Серьезней, но при хорошем адвокате можно, и тут плаха не грозит… да и то, стал бы Лихо дело до суда доводить?
Колдовка, за сговор с которой могли дать лет десять каторги?
Поди ее поймай… а от слов своих пан Острожский откреститься бы мог… или же, напротив, не откреститься, но оказать содействие следствию, за то и получил бы свободу…
Нет, не было у него причин яд принимать. Более того, не походил он на самоубийцу… нет, Евдокия не то чтобы со многими знакома была, но чутье ей подсказывало, что умер пан Острожский не сам и неспроста, и что смерть эта взволновала Лихо куда сильней, чем он это показать пытался, и что связана она как-то и с Серыми землями, — и с Хозяйкой их…
Спросить?
Промолчит, не желая Евдокию впутывать в странное, не замечая, что в странностях этих она по самые уши увязла. А то еще и соврет, хотя врать неспособный совершенно.
— Я вернусь, — сказал он и ладонь поцеловал. — Не теряйся больше, ладно?
— Не потеряюсь.
Пообещала.
И екнуло болезненно сердце.

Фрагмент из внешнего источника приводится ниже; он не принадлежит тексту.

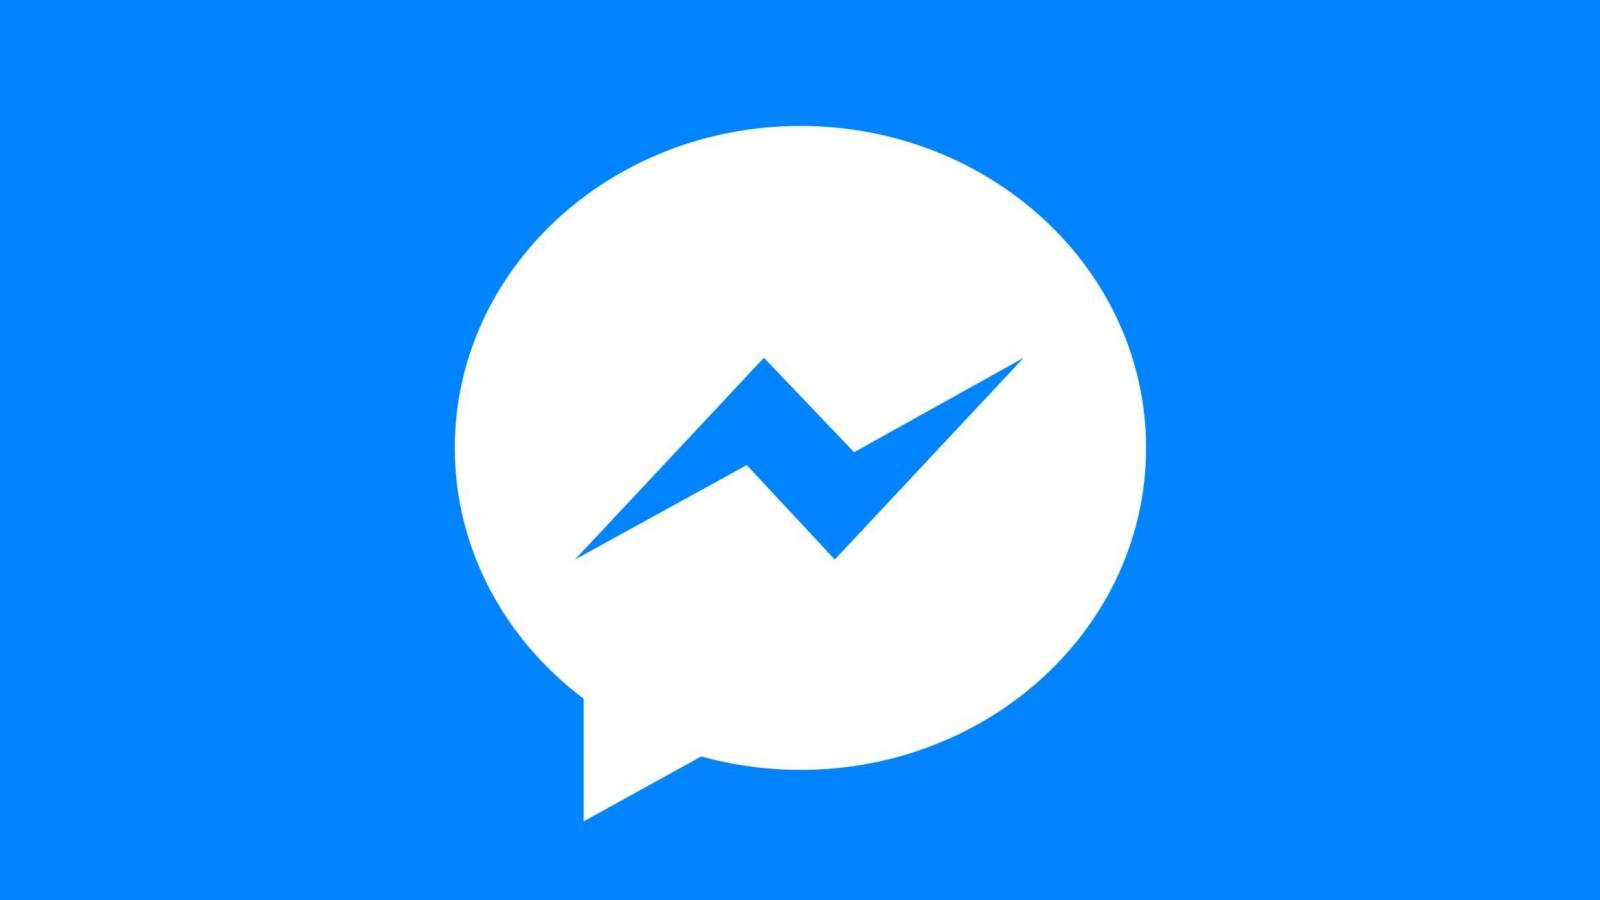 Facebook Messenger noutati actualizare noua

Тревожно. Отпускать его тревожно, тянет вцепиться, повиснуть на шее, воя и голося по-бабьи, делая что угодно, лишь бы остался… страшно, что уйдет навсегда.
— Я скоро.
Ложь… или правда? Пока еще правда.
— И ты права, Ева… он глупости говорил. Не надо тебе их слушать. — Лихо гладил и ладонь, и пальцы Евдокии.
— Конечно, глупости…
А в дом не пошел.
…вернется. Ночью вернется. Стукнет камушком в окно, чтоб открывала… об этом думать надо, а с паном Острожским разберутся.

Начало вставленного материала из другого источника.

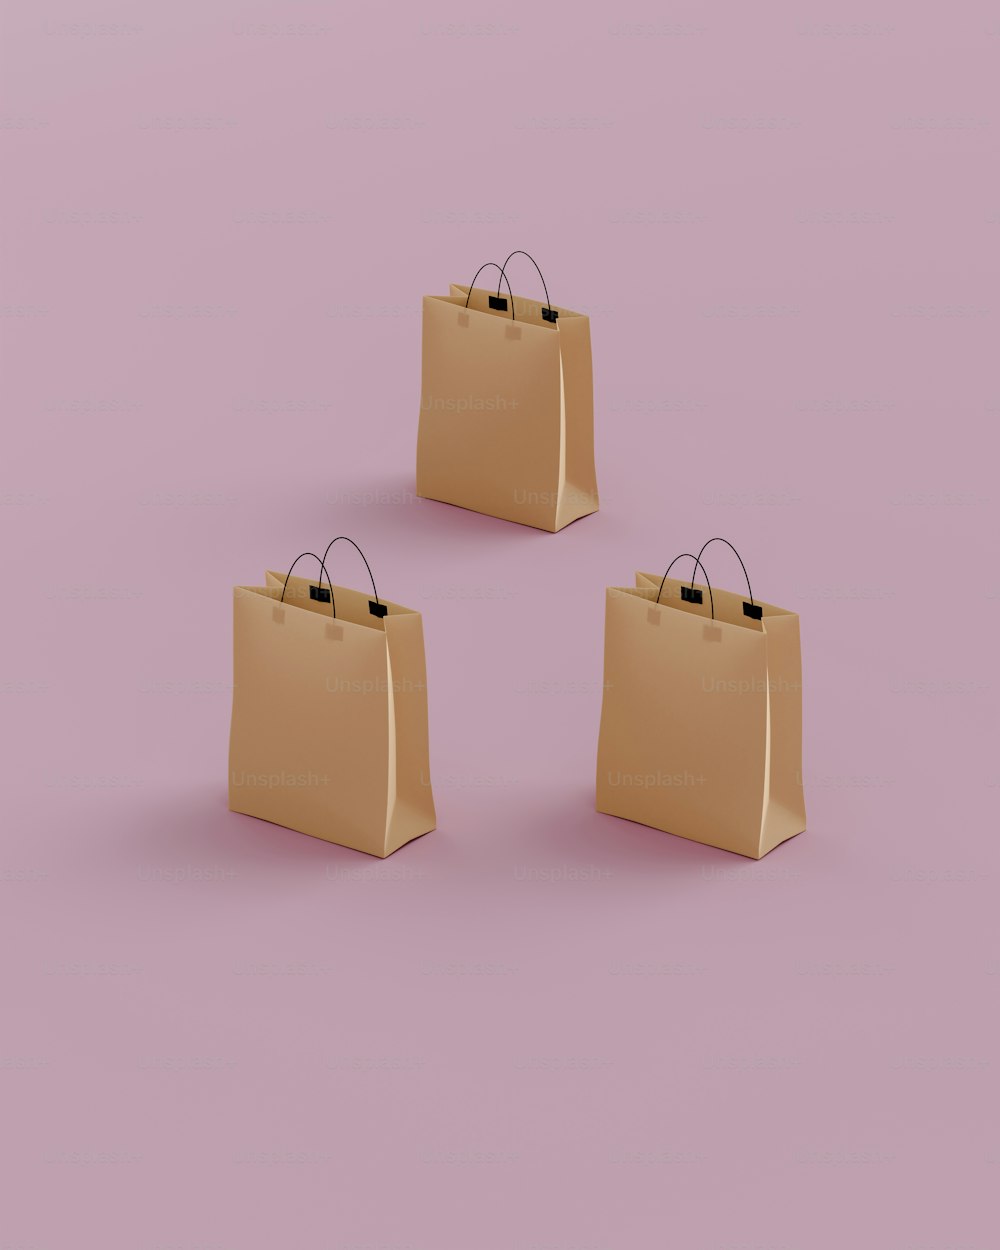 Tre borse della spesa marroni su uno sfondo rosa

В Цветочном павильоне было пусто.
А вот в собственной комнате ее, Евдокию, ждали. Гостья скромно сидела на стуле, сложивши руки на коленях.
— Доброго дня, — сказала Евдокия со вздохом.
День был каким угодно, но только не добрым.
— Здравствуйте. — Гостья встала и вздернула острый подбородок, который с момента прошлой встречи словно бы стал еще острей. — Мне сказали, что я могу подождать вас здесь.
— И… чем обязана?
А она к визиту готовилась тщательно. Платье из темно-лиловой парчи, щедро отделанное кружевом. Высокие перчатки. Шляпка, украшенная чучелами певчих птиц и виноградом.